There are a few other private projects that I am working on, including
some work with a small local group to help port DCE/DFS to Linux. This
would be a more broad based project if not for OSF's strict license to not
distribute source or binaries (source is available, but only they have the
right to distribute it from their ftp). We plan to pursue OSF in making
this source available under a more Open Source license.

The Issues:

I know most of you really want to now the nominees position on the two
hottest issues right now.

Qt/KDE: I don't use KDE, not because I don't like it or have anything
against either KDE or Qt, but simply because I'm a console person, not
much into X. Give me 10 vc's and I'm happy. My opinion on this is very
simple, it is not Debian's responsibility to decide how good the QPL is or
how the license needs to change, that's OSI and or SPI's (that's a whole
other issue) concern. Our only concern over this as a group should be
limited to "Does it meet our _current_ guidelines?", and if so who is
going to package it. If not, then can it go into non-free/contrib. Said,
done, that's it.

I strongly encourage any one who wants to push for a more compatible
license, and as proponents of the free software ideals, I would hope
everyone would. Just stay focused on the job at hand and keep those things
in a more appropriate forum.

DFSG2: I only briefly looked this over before I decided that after all the
hoopla it needs to be dropped. I am more for a policy that is only
specific on a few key points and more general on the less important ones.
By key points I mean the ones we know are always going to be the same: "Is
the source available?" "Are source and binaries distributable?" "Can we
modify it and provide modified binaries and source?"

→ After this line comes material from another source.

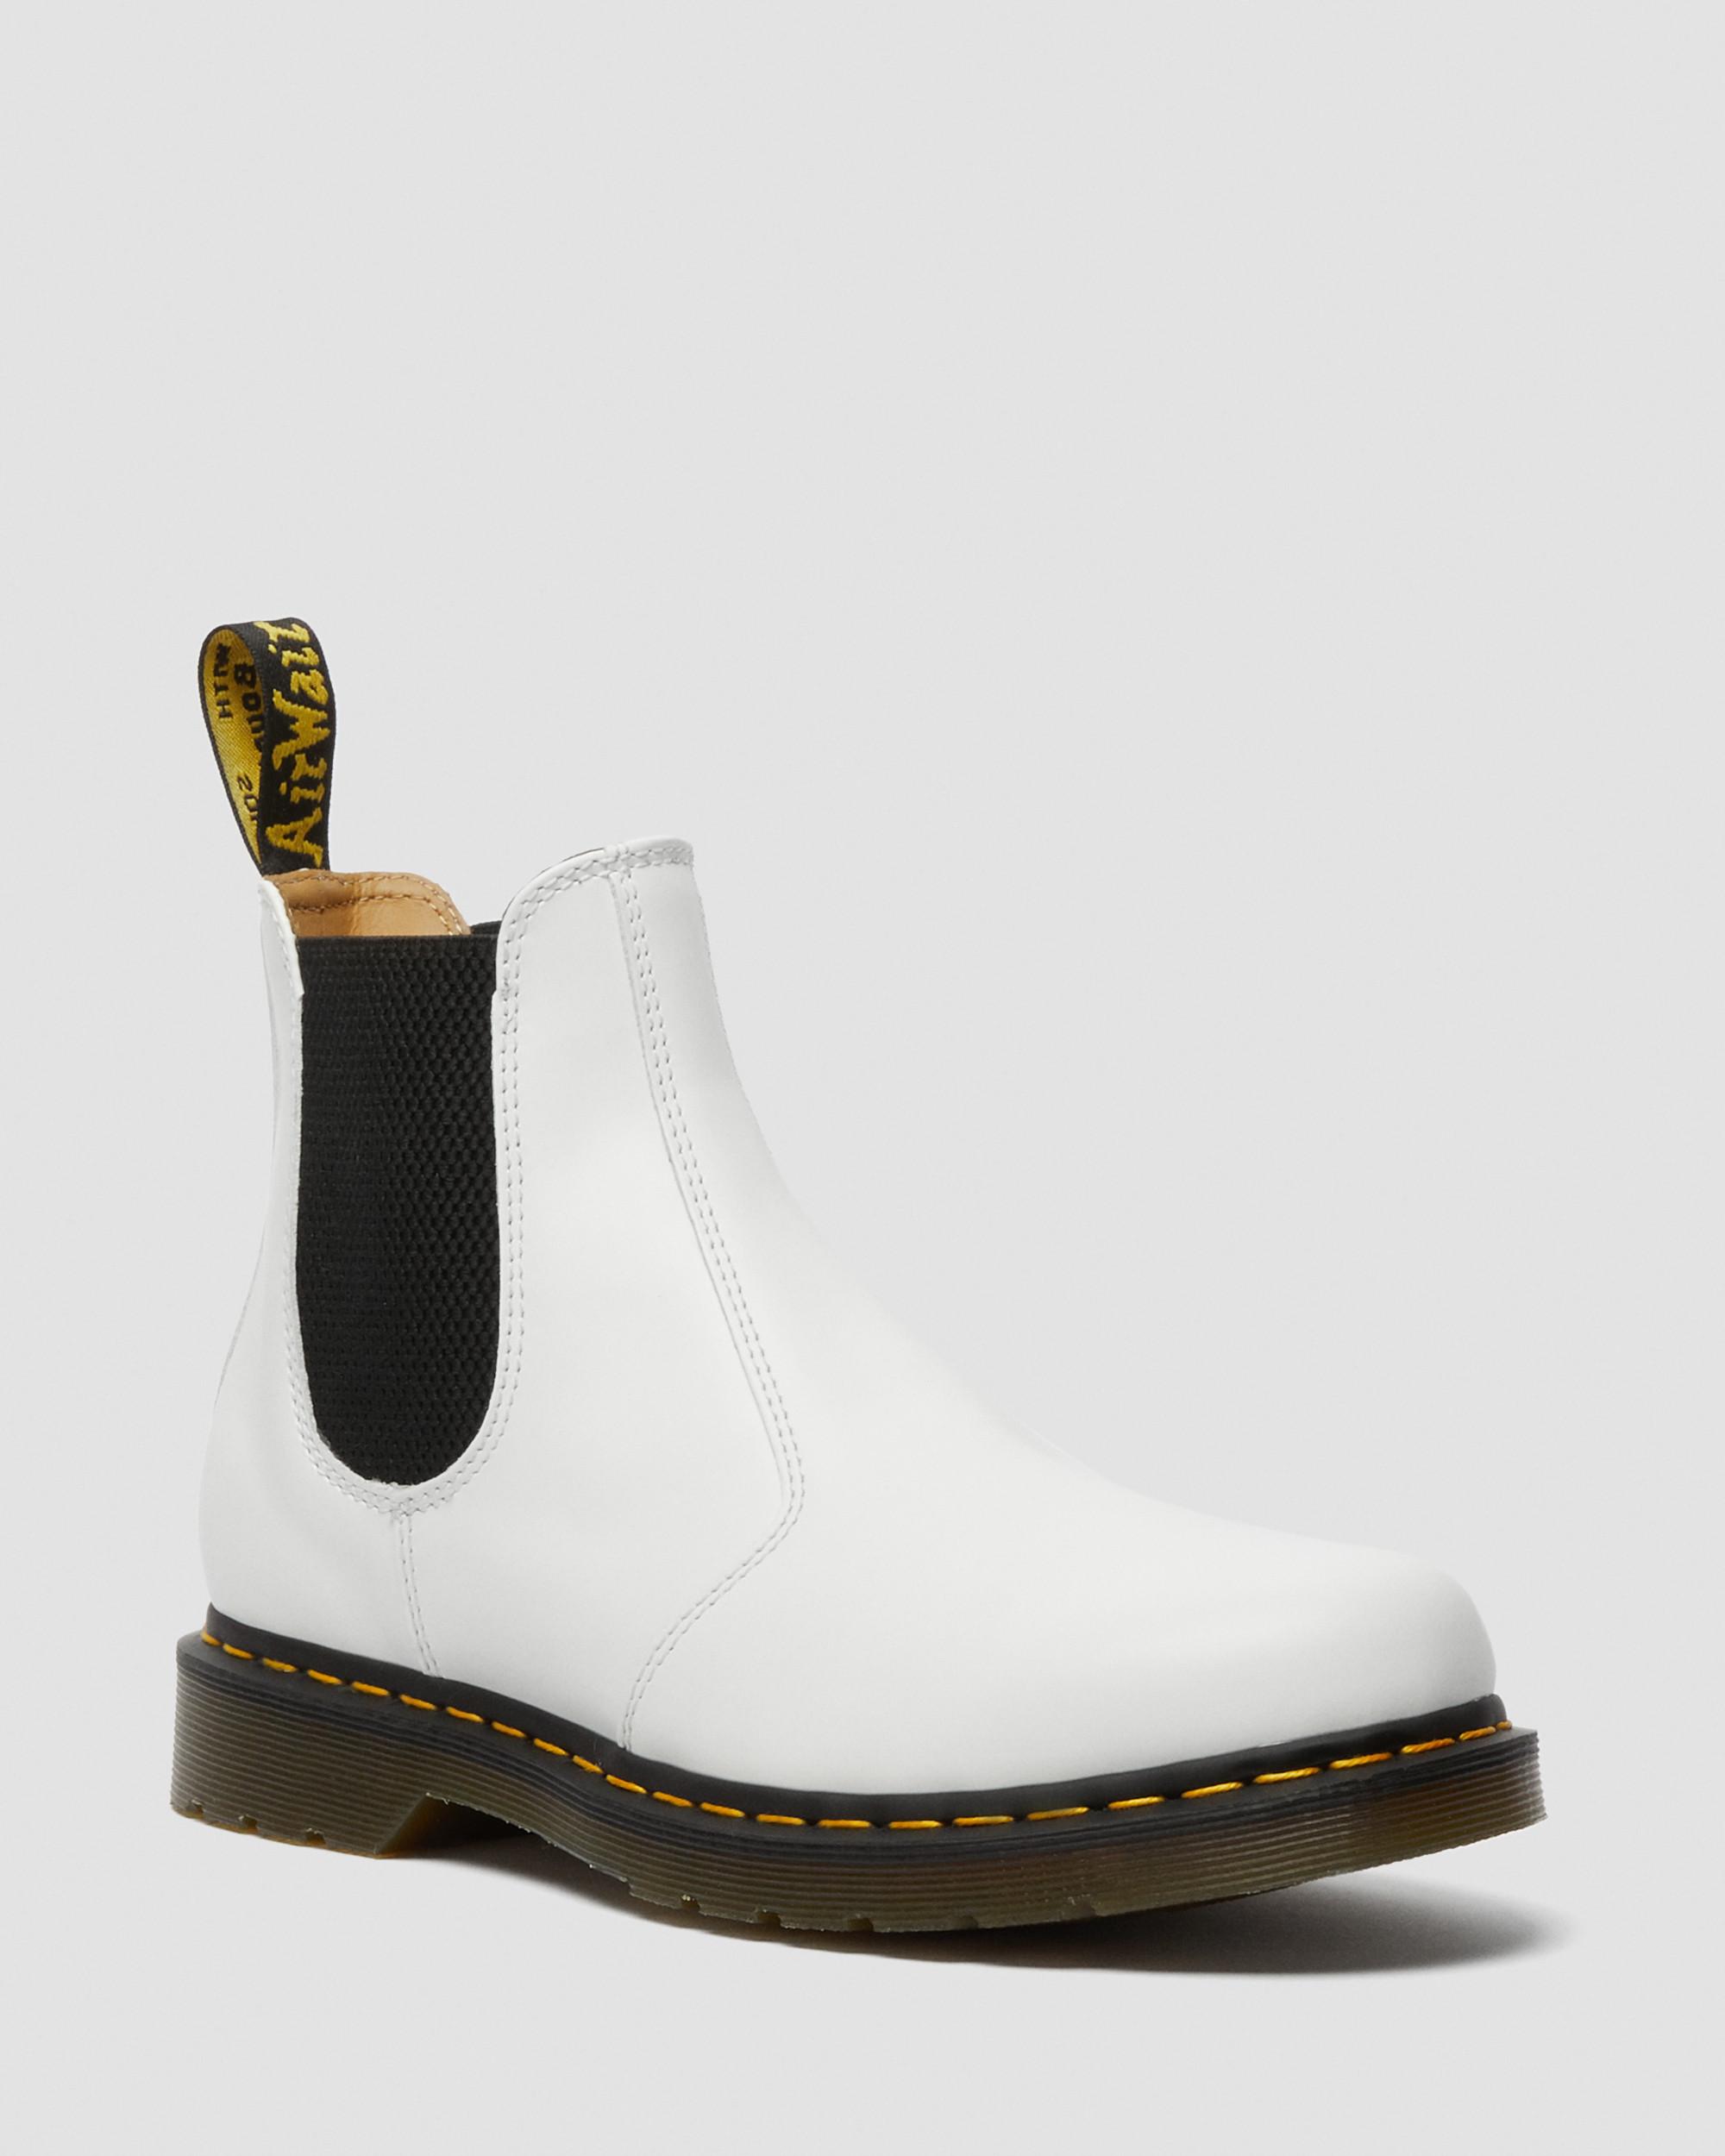 Chelsea boots 2976 Yellow Stitch en cuir Smooth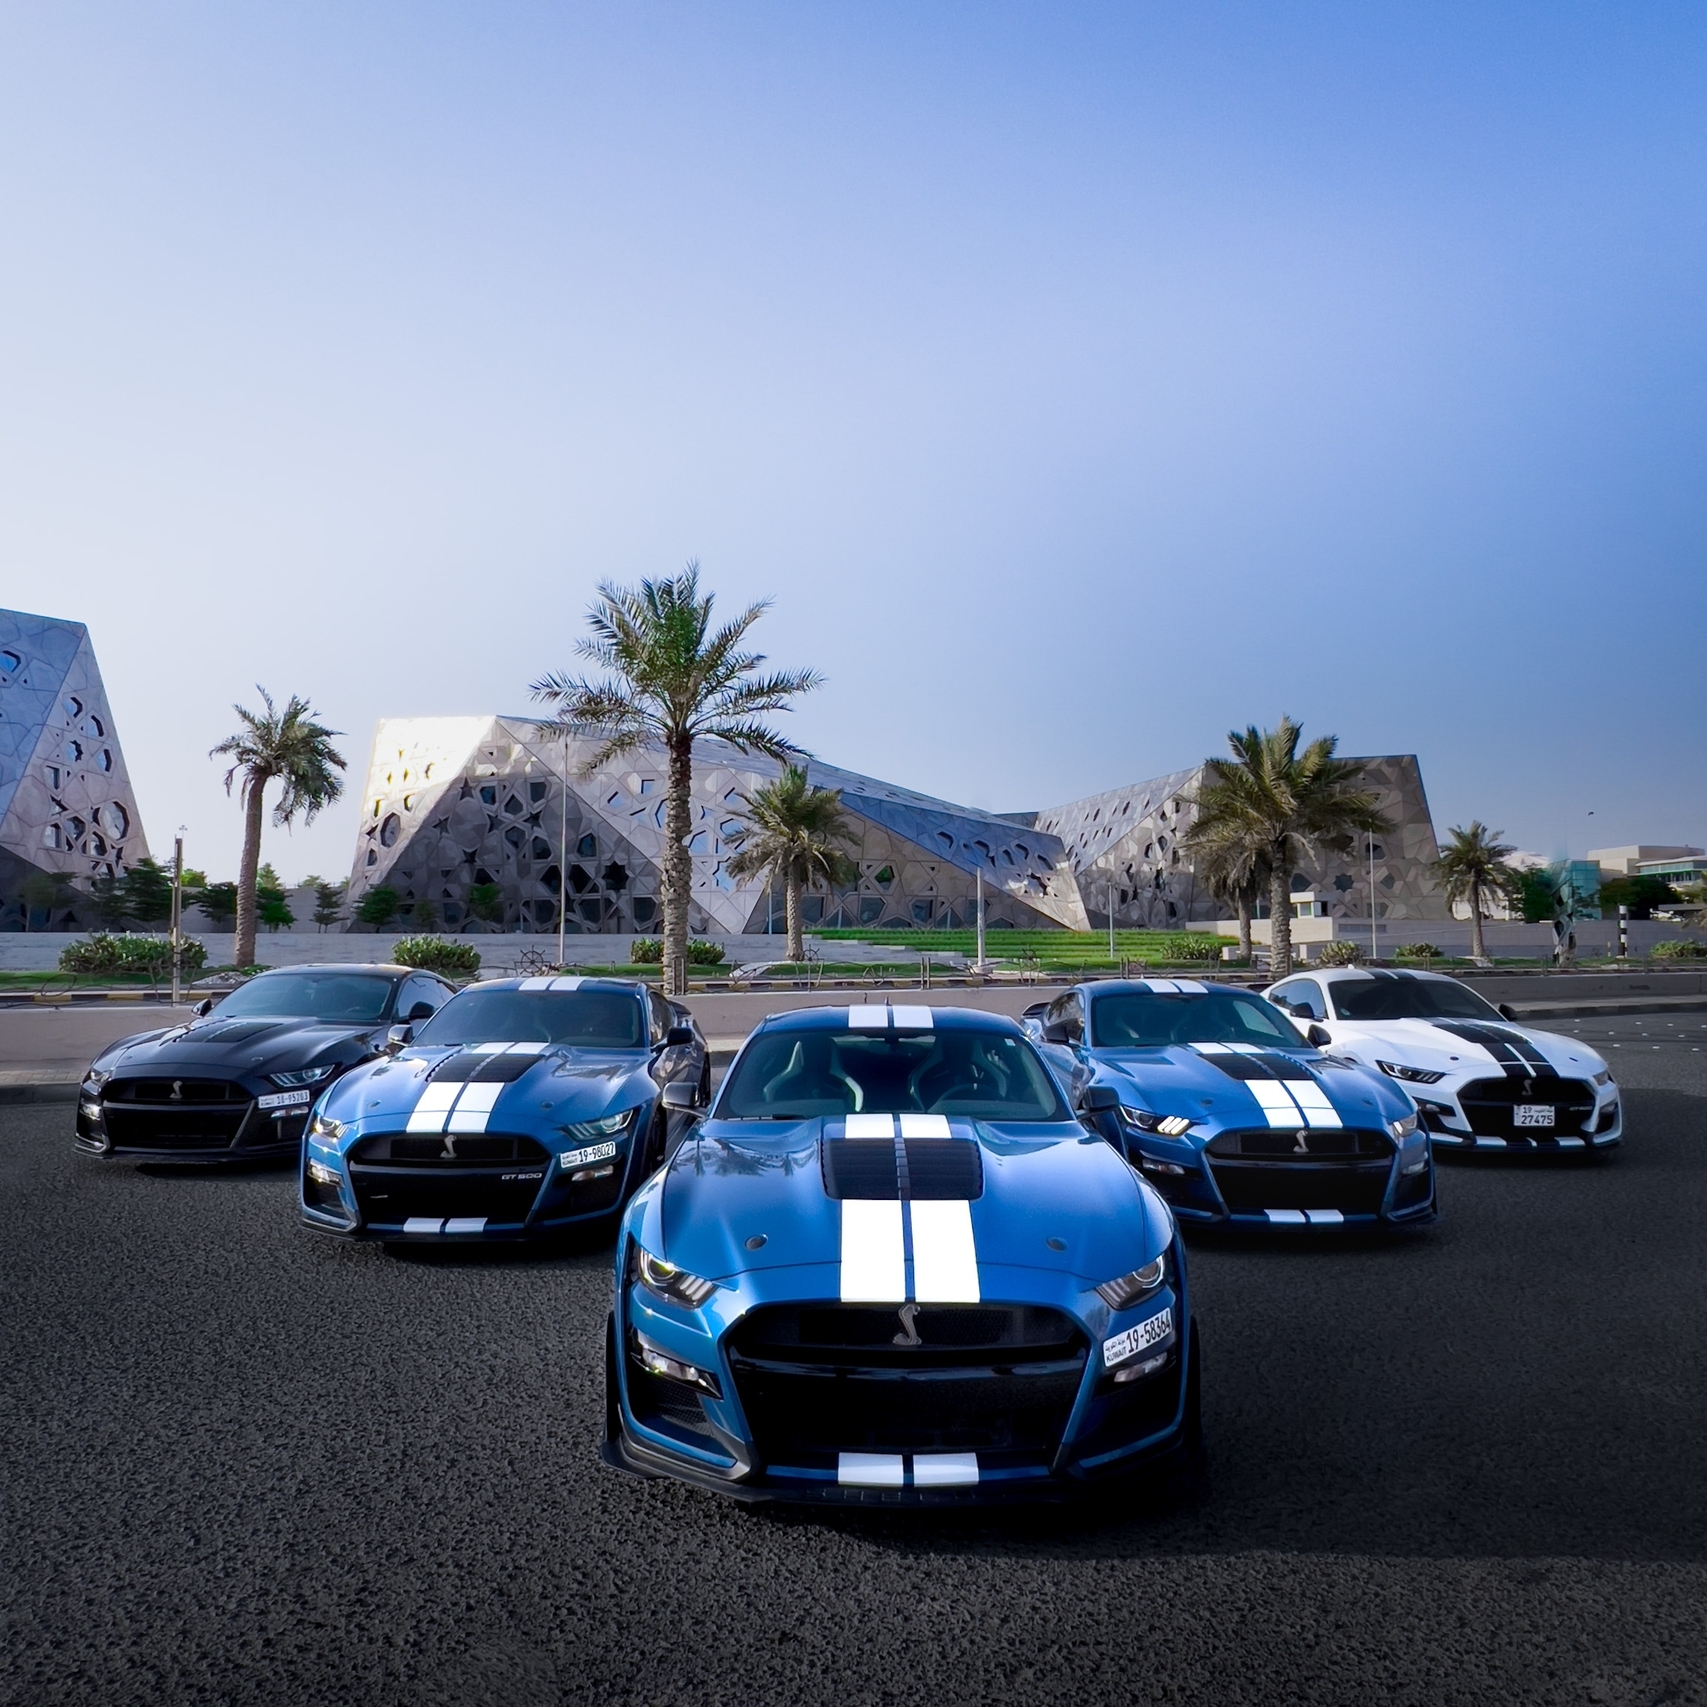 sporting cars in Kuwait City.

I know the last one is a touchy point. I believe that source+patches is as
good as patched source. As long as they can be distributed together.

I don't think the policy should be very specific on trivial or
controversial points such as the patch clause and BSD style advertising
clauses. It has been my experience that the more specific you try to get
about things in this manner, the more people will do to try and find loop
holes. So if we make it more strict on the key points and general on the
less important ones, then our work on deciding whether the packages meet
the requirements will be easier and less prone to outside influences.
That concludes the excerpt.